In a large saucepan, combine the potato slices and enough salted water to cover; bring to a boil. Drain and pat dry.
Meanwhile, in a large nonstick skillet, cook the bacon over medium-low heat until crisp, 8 to 10 minutes. Transfer the bacon to a paper-towel-lined plate, reserving the bacon fat.
Increase the heat to medium-high and, working in batches, add the potato slices to the skillet. Cook, turning once, until golden, about 5 minutes; transfer to a paper-towel-lined plate to drain. In the same skillet, add the scallion whites and cook until soft, about 2 minutes; add to the potatoes.

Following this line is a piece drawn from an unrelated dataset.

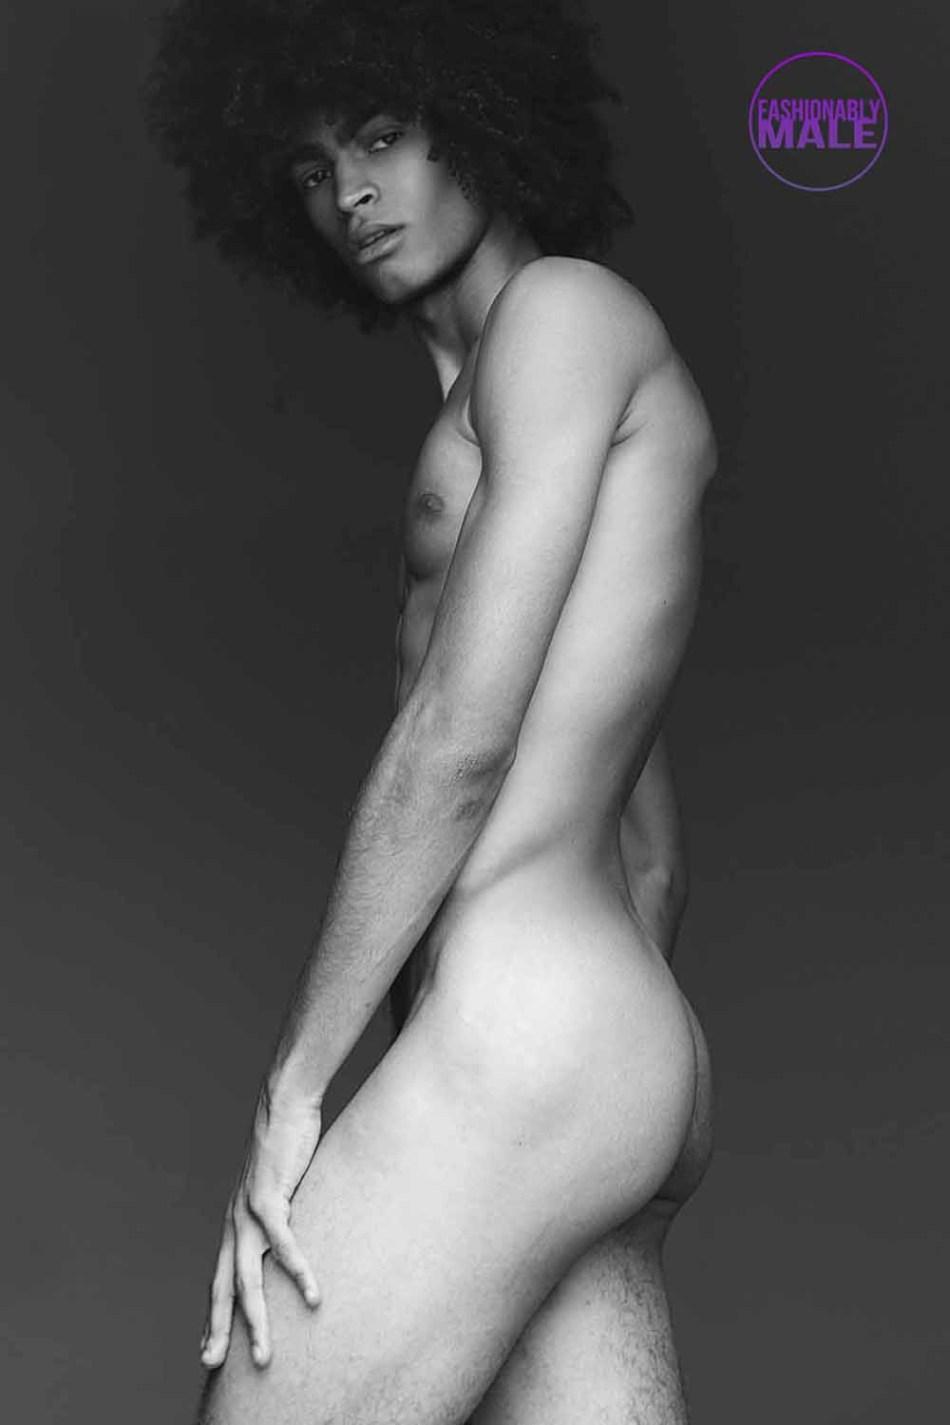 George - Soul of Ebony shots by Miguel Zaragozá
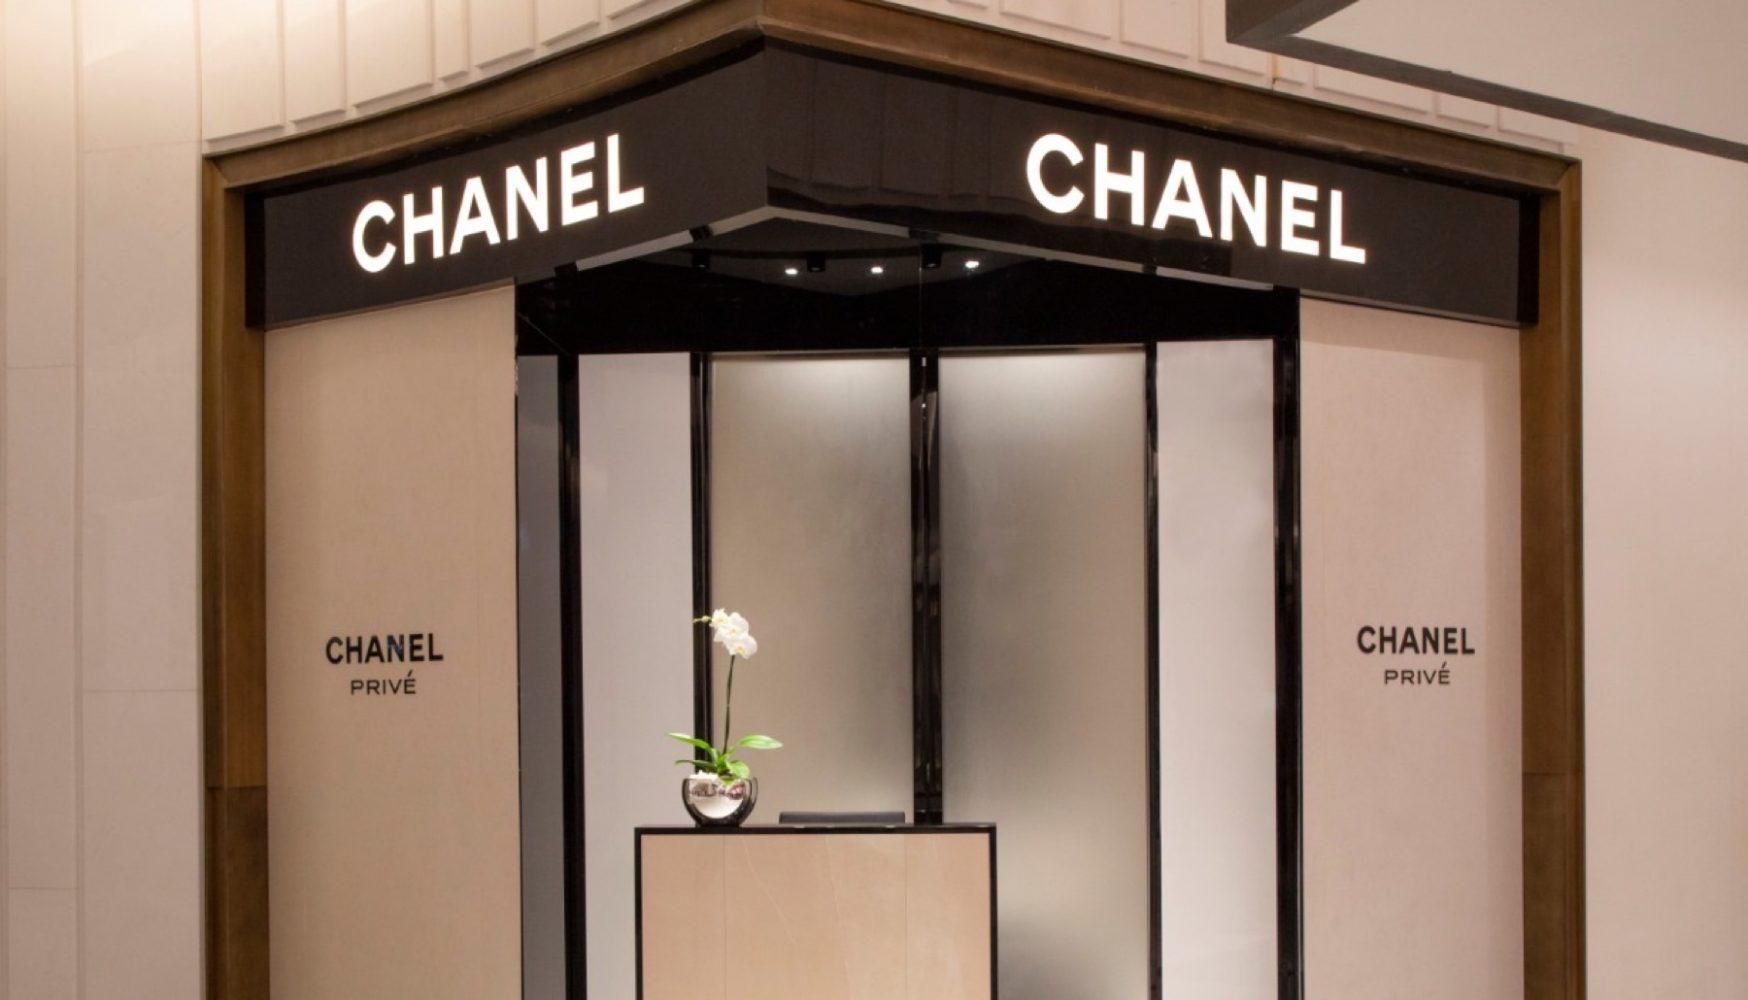 Chanel Privé

Wipe out the skillet, lower the heat to low and add the eggs. Scramble until just cooked, about 1 minute; season with salt and pepper.
Spread the pizza crust with the sour cream and layer the toppings evenly as follows: the ham slices, scrambled eggs, 1/2 cup gruyere, the potatoes, bacon, scallion greens and remaining 1/2 cup gruyere. Return to the oven to melt the cheese, about 5 minutes. Top with the frisee to serve.